(DATA SECTION Opens)
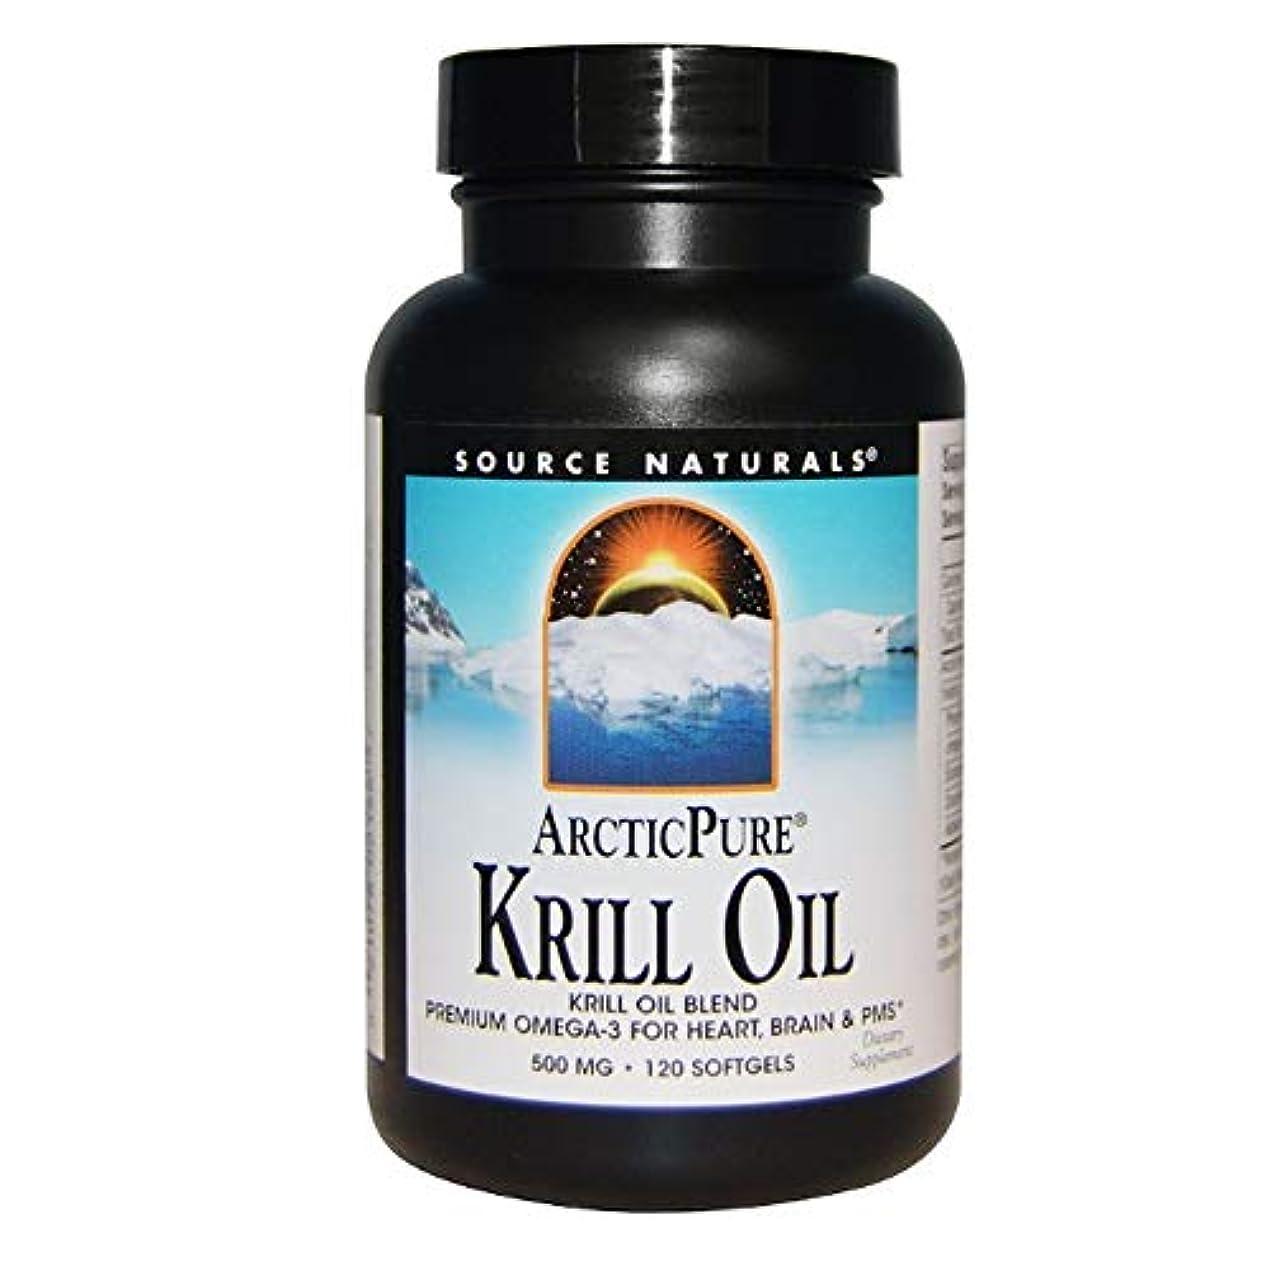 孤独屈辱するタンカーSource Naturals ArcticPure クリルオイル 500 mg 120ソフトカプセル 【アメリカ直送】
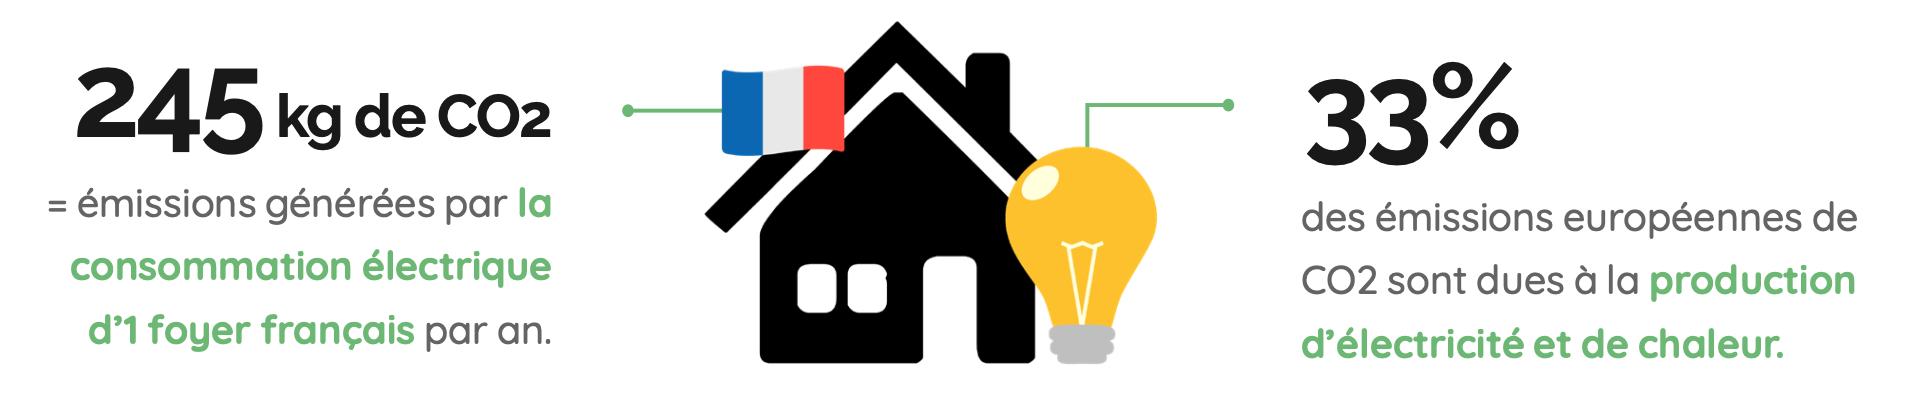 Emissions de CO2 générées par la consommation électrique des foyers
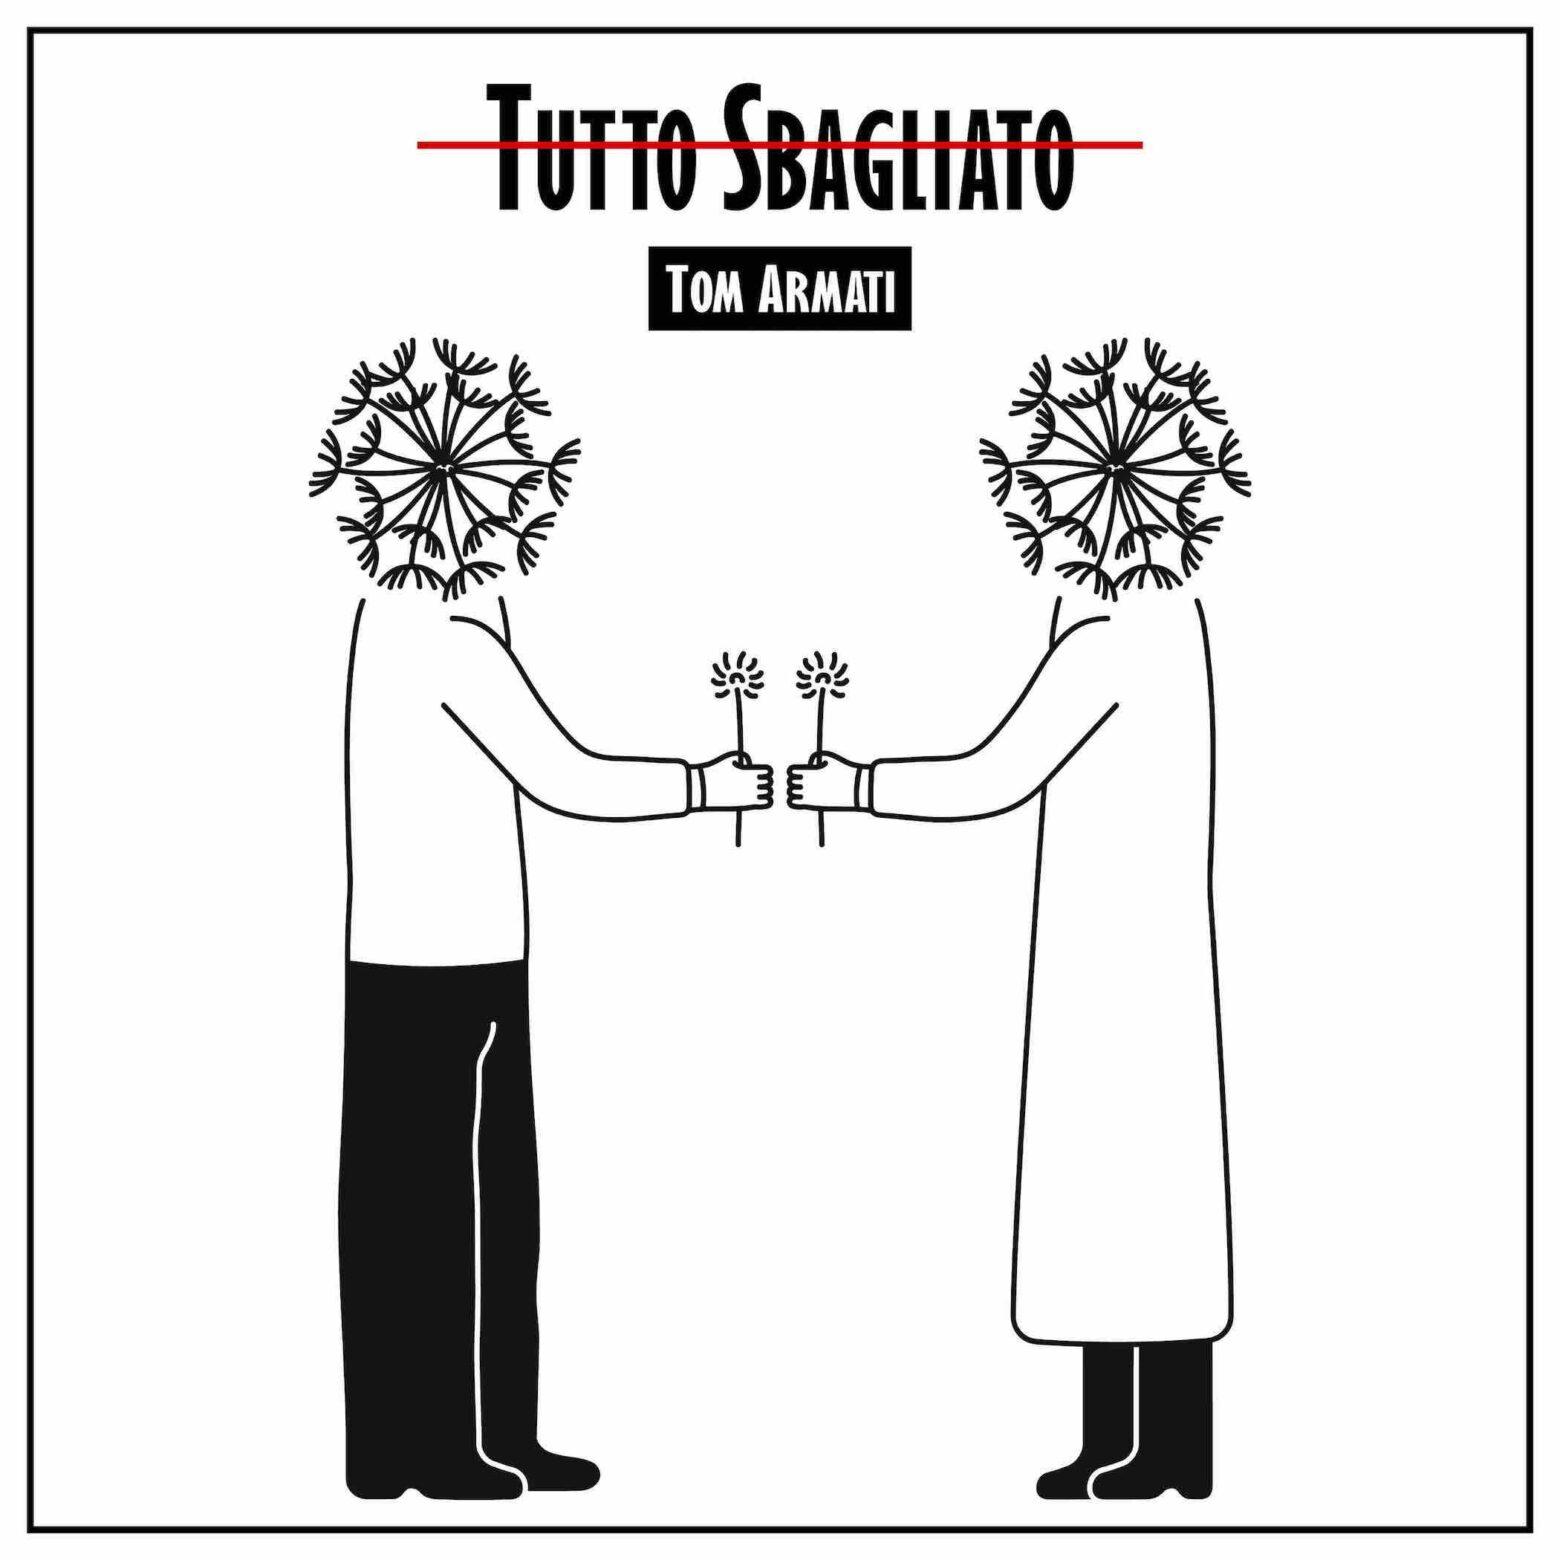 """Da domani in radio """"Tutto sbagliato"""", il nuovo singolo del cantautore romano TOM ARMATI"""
(DATA SECTION Closes)
**THE PROBLEM**
Omit all images when repeating the data above exactly.

**FINISHED TASK**
 孤独屈辱するタンカーSource Naturals ArcticPure クリルオイル 500 mg 120ソフトカプセル 【アメリカ直送】
 Emissions de CO2 générées par la consommation électrique des foyers
 """Da domani in radio """"Tutto sbagliato"""", il nuovo singolo del cantautore romano TOM ARMATI"""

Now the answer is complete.